The style of the book took some getting used to. It was written in an old-fashioned tone, more like what I would expect from a book written in the 19th century. The narrator is a young woman, ostensibly in modern-day Enlgand, but many of her comments and her lifestyle suggest an older time. Perhaps if I had read more Austin or Bronte it would be humorously familiar. For example, here she describes her return to the author's mansion:

"When I went back to Yorkshire, I received no explanation for my banishment. Judith greeted me with a constrained smile. The grayness of the daylight had crept under her skin, collected in shadows under her eyes. She pulled the curtains back a few more inches in my sitting room, explosing a bit more window, but it made no difference to the glloom. "Blasted weather," she exclaimed, and I thought she seemed at the end of her tether."

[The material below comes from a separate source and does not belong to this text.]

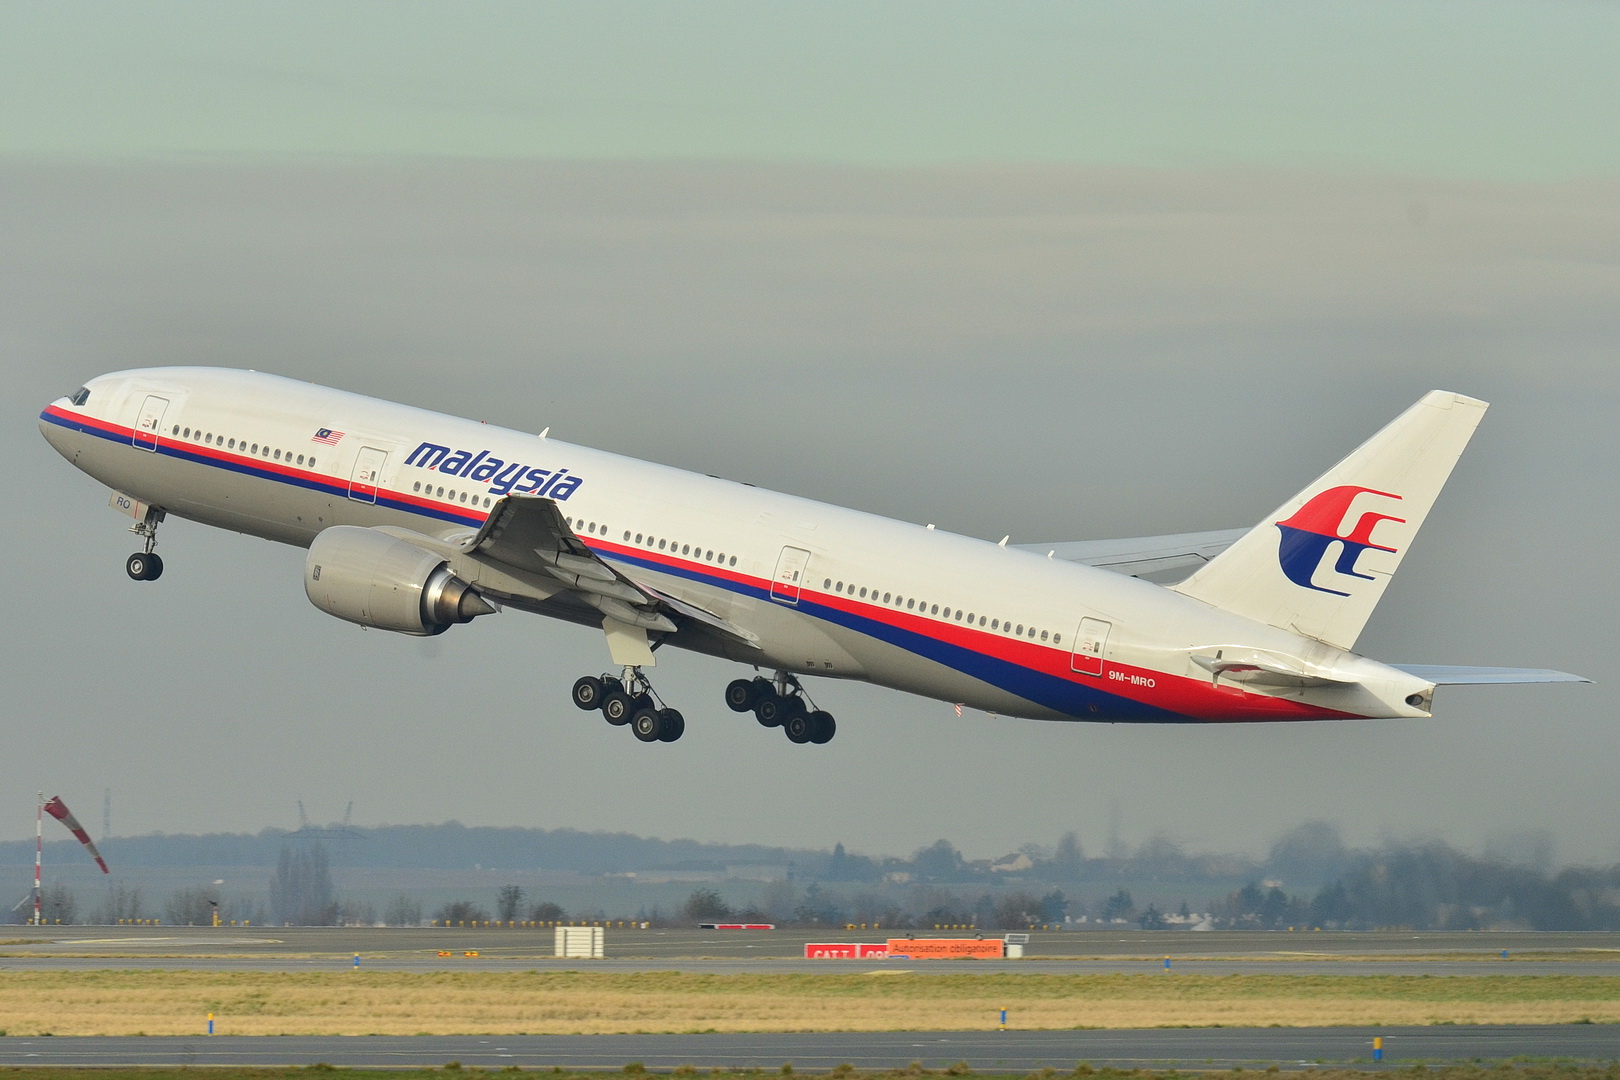 The Travel Story of 2014: The Disappearance of Malaysia Airlines MH370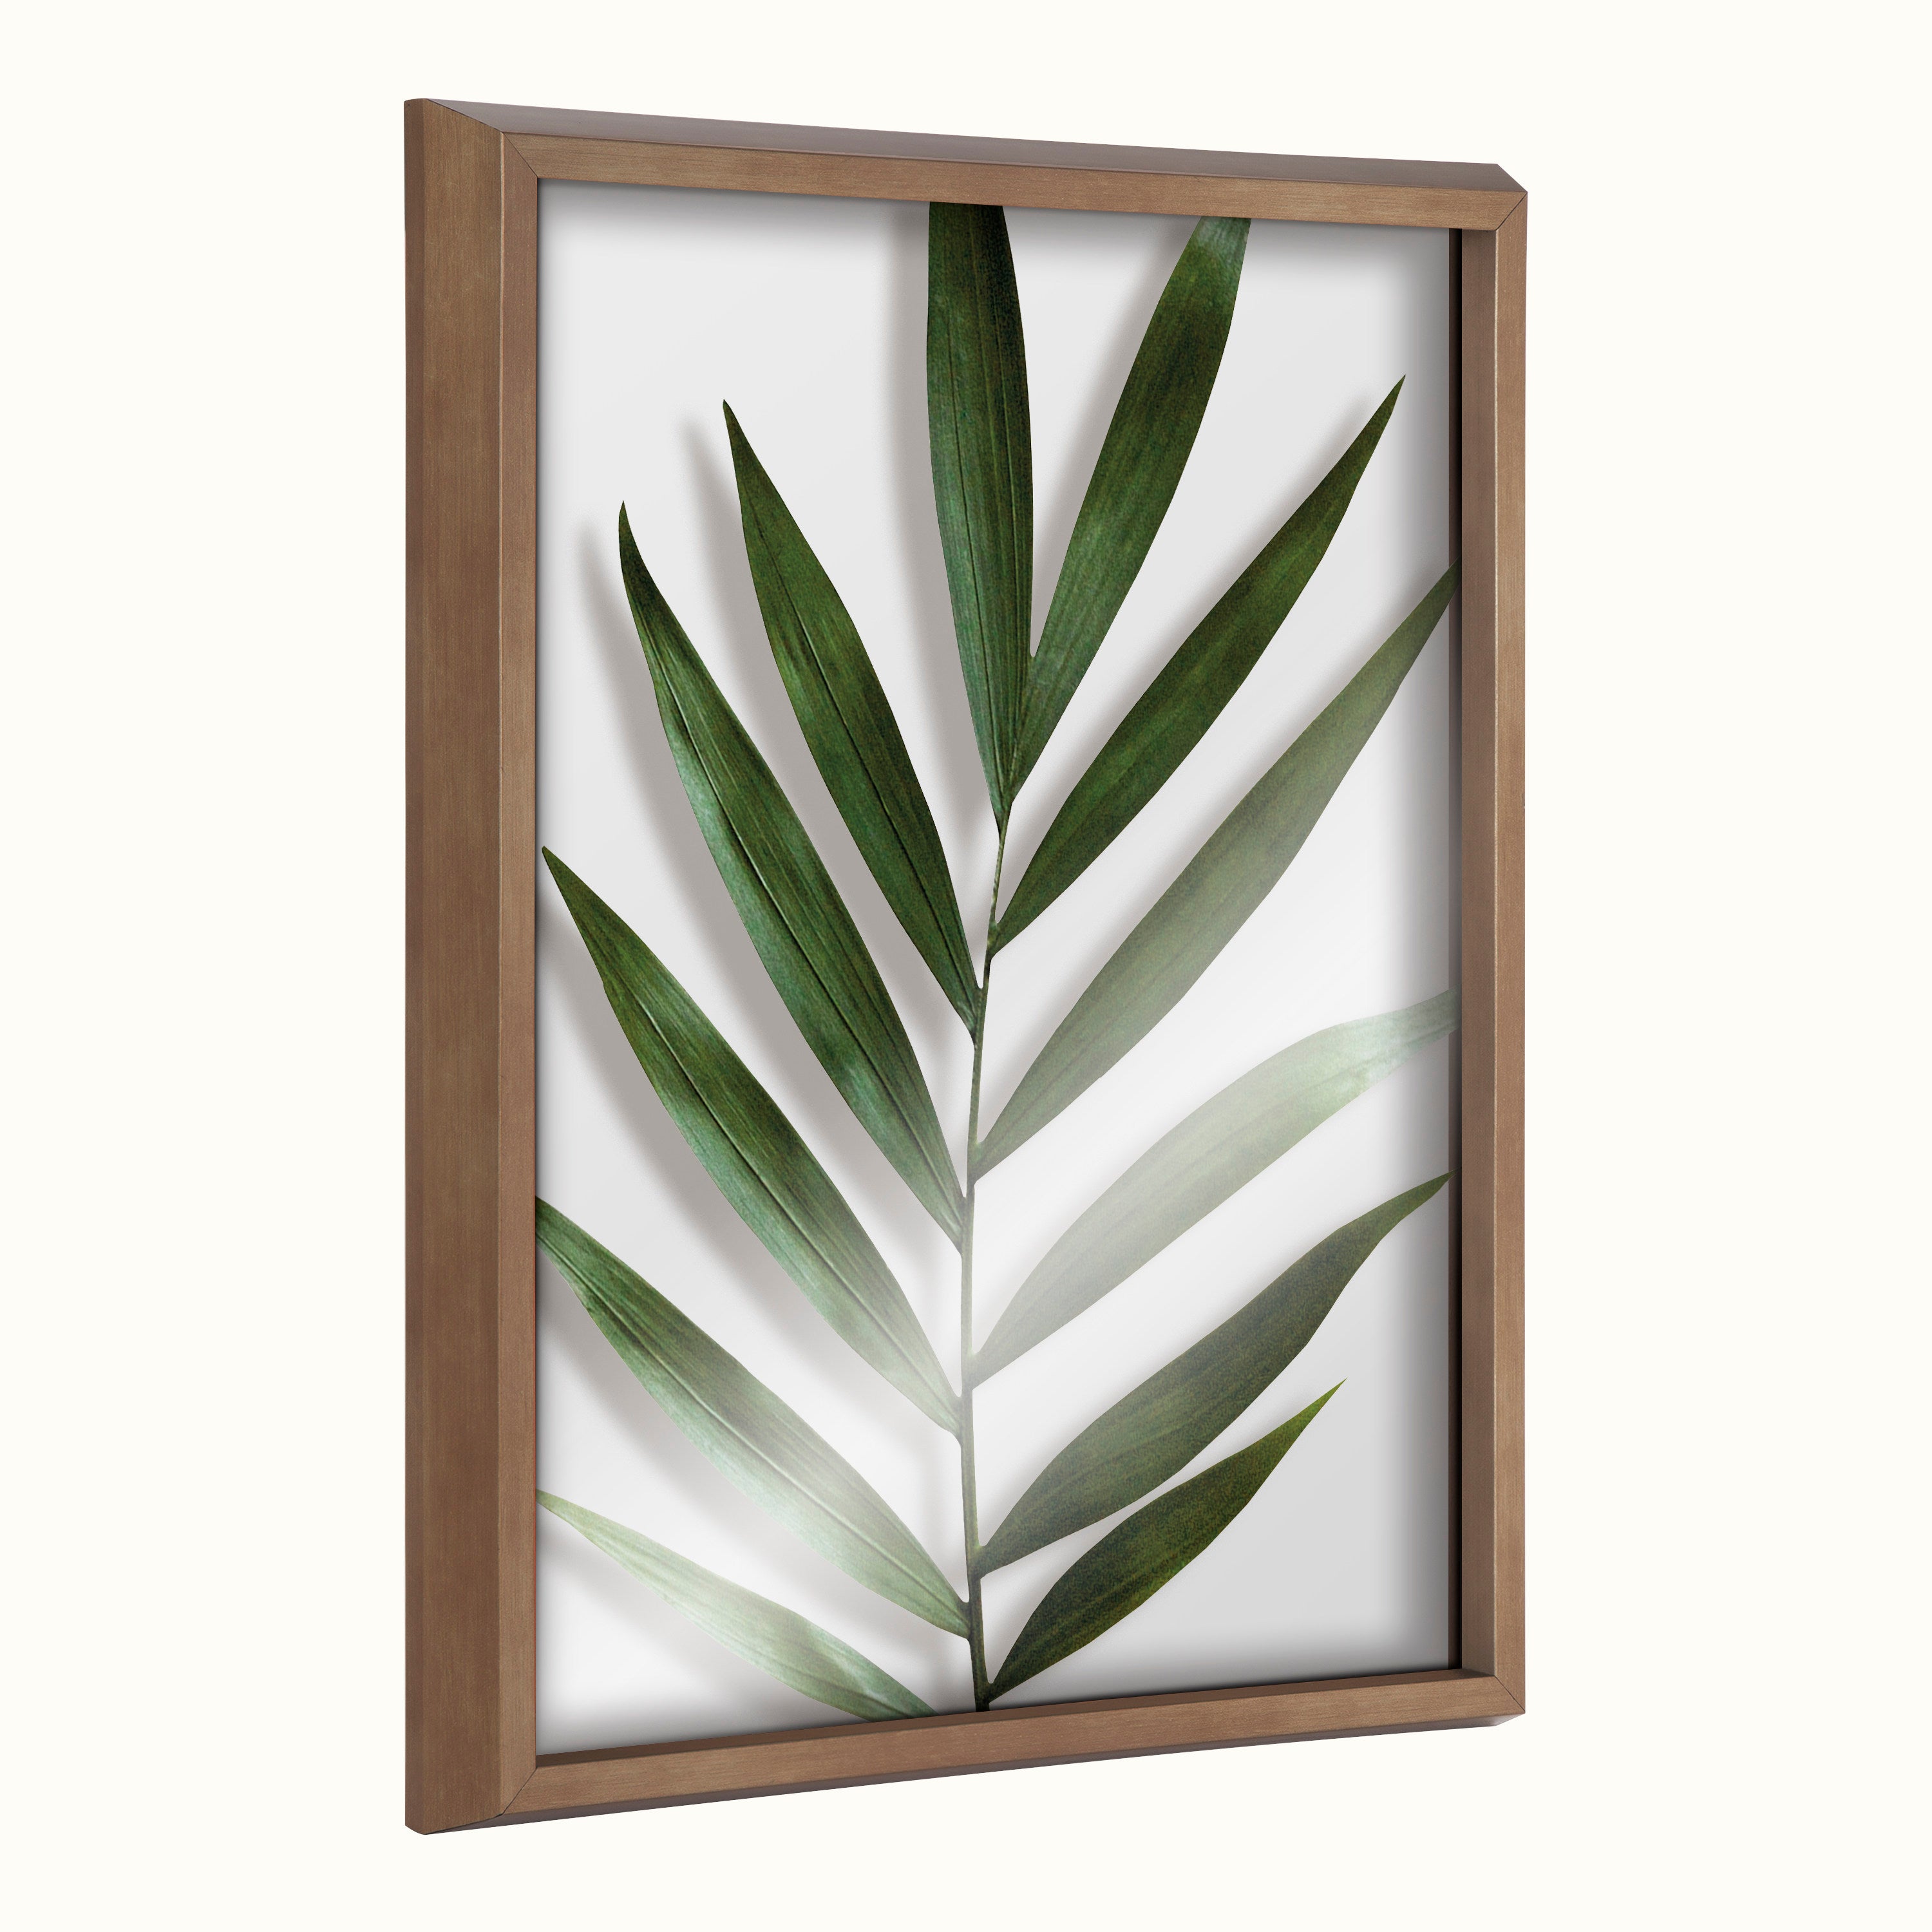 Blake Botanical 5F Framed Printed Glass by Amy Peterson

There is a lot in the book for book-lovers specifically. Not only is the main character the daughter of a bookseller and herself a bibliophile, but she is interviewing an author, and several pivotal scenes occur in libraries. At one point she runs a fever and faints, and a doctor is brought in. He suspects that her ailments are in her head. "I reached for the prescription. In a vigorous scrawl, he had inked: Sir Arthur Conan Doyle, The Case Book of Sherlock Holmes. Take ten pages, twice a day, till end of course."

The book is a mystery, and a good one. There are several great twists, and enough clues that the reader could play along if desired. But it's also a great novel. There are wonderful moments of symbolism, plot, and good thick characters. The charaters form a wonderful canvas where Setterfeld gives us parallels and comparisons between them throughout the book. Each character individually taken is complex and compelling, but the real beauty is each of the characters taken in contrast to the others. In some cases it's governess/doctor or twin/twin or mother/daughter or lover/lover, but the pairs are amazingly effective in further elucidating the characters.

I often felt spooked and chilly reading it, as if it were raining outside, which in the book it often was. Setterfield created what I would describe as several layers of a fairytale world, and I fell right into it.